Functor version of static_cast in std::bind()

Question

I try to implement a functor version of static_cast for use in std::bind().

I am aware of Boost ll_static_cast<K>() (see using static_cast with boost::bind), but I am not using Boost right now.

There is a code example in Why do several of the standard operators not have standard functors? but it won't compile on GCC 4.2.1:

template <typename Target>
struct StaticCast
{
    template <typename Source>
    Target operator()(Source&& source) const
    {
        return static_cast<Target>(source);
    }
}

I managed to get something to compile, but I am not sure it's correct:

template <class Target>
struct StaticCast : public std::unary_function<void, Target> {
    template <class Source>
    Target operator()(Source& src) const {
        return static_cast<Target>(src);
    }
};

Can someone tell me if this version is correct, and if this is the case, why I need std::unary_function which is not used in the previous code example?

Usage:

std::vector<BaseObject*> vec;  // BaseObject* are known to be of type 
    // DerivedObject* of course, please don't ask me how or why...

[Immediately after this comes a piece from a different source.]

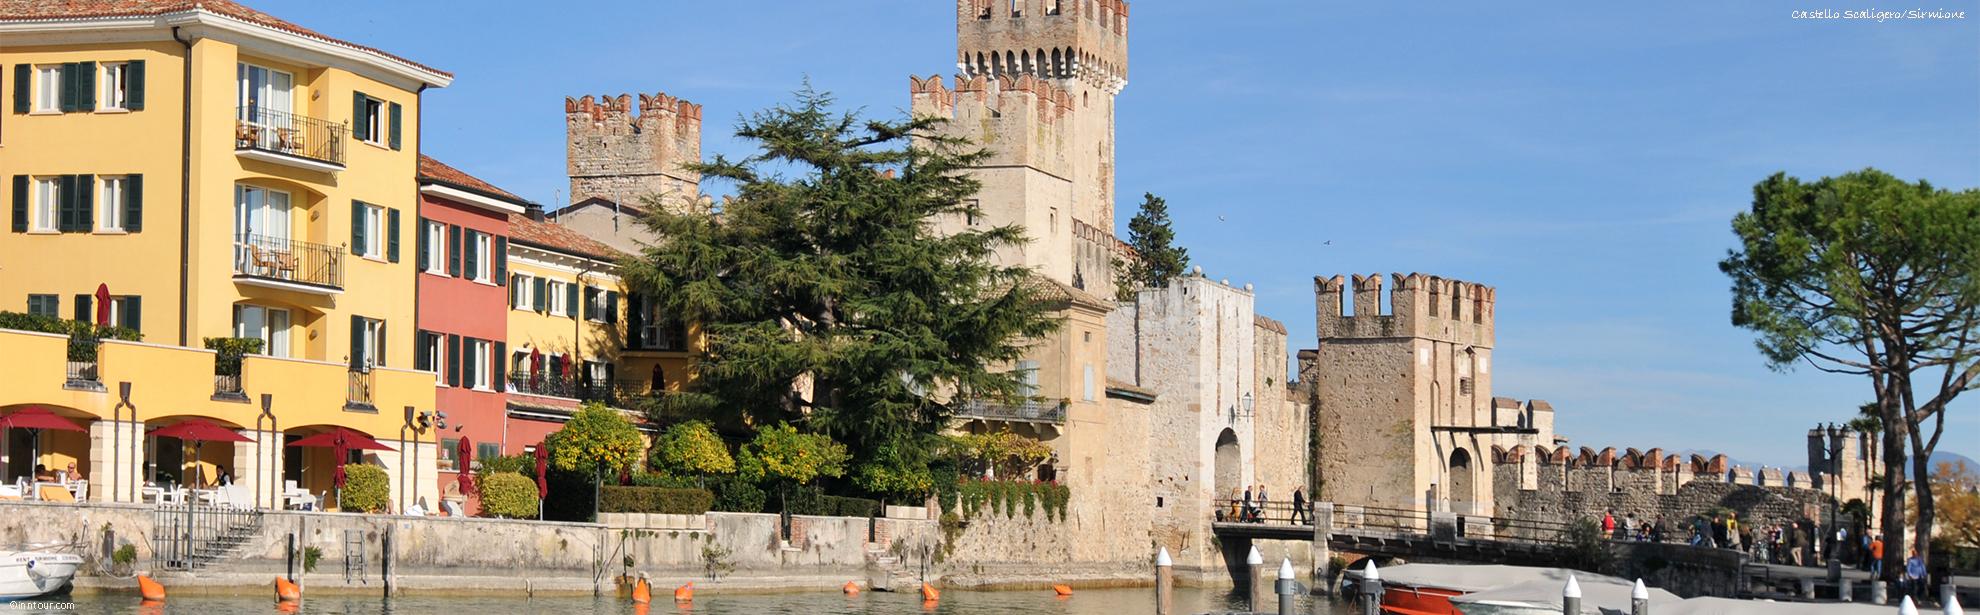 Osportinntour_Castello-Scaligero_Sirmione_DSC_1090

std::for_each(vec.begin(), vec.end(),
    std::bind(&DerivedObject::doStuff,
        std::bind(StaticCast<DerivedObject*>(), std::placeholders::_1),
    "with some string"));

Answer 1

Given the lack of perfect forwarding in C++03, you'll have to make due with overloads:

template<class Target>
struct StaticCast
{
    typedef Target result_type;

    template<class Source>
    Target operator ()(Source& src) const
    {
        return static_cast<Target>(src);
    }

    template<class Source>
    Target operator ()(Source const& src) const
    {
        return static_cast<Target>(src);
    }
};

Note that I'm explicitly making a typedef for result_type rather than inheriting from std::unary_function<>. The reason is that the first template parameter to std::unary_function<> is supposed to be operator()'s argument type, but because our operator() is a template we can't know this in advance, so it's disingenuous to supply one in the first place (especially void, which would imply that operator() is nullary, when in fact it is unary).

---

Also, for completeness' sake, here is the correct C++11 version of the functor:

template<class Target>
struct StaticCast
{
    template<class Source>
    Target operator ()(Source&& source) const
    {
        return static_cast<Target>(std::forward<Source>(source));
    }
}

Answer 2

One reason the first one doesn't work is probably because you are using rvalue references on a compiler that doesn't support C++11.

The reason you need std::unary_function is to enable std::result_of for your class which std::bind uses to deduce the result type, since there is no decltype in C++98.

If you look at std::unary_function you will see that it defines the type result_type from the template arguments you pass, which is in turned used by std::result_of or std::bind directly.

Answer 3

Well, generally your code is bad:

First, you may have troubles with temporary objects and r-values while requesting non-const reference for them

for example

float f = StaticCast<float>()(4);

won't even compile.

Then, you make a copy of object while casting. It may be do not that you want.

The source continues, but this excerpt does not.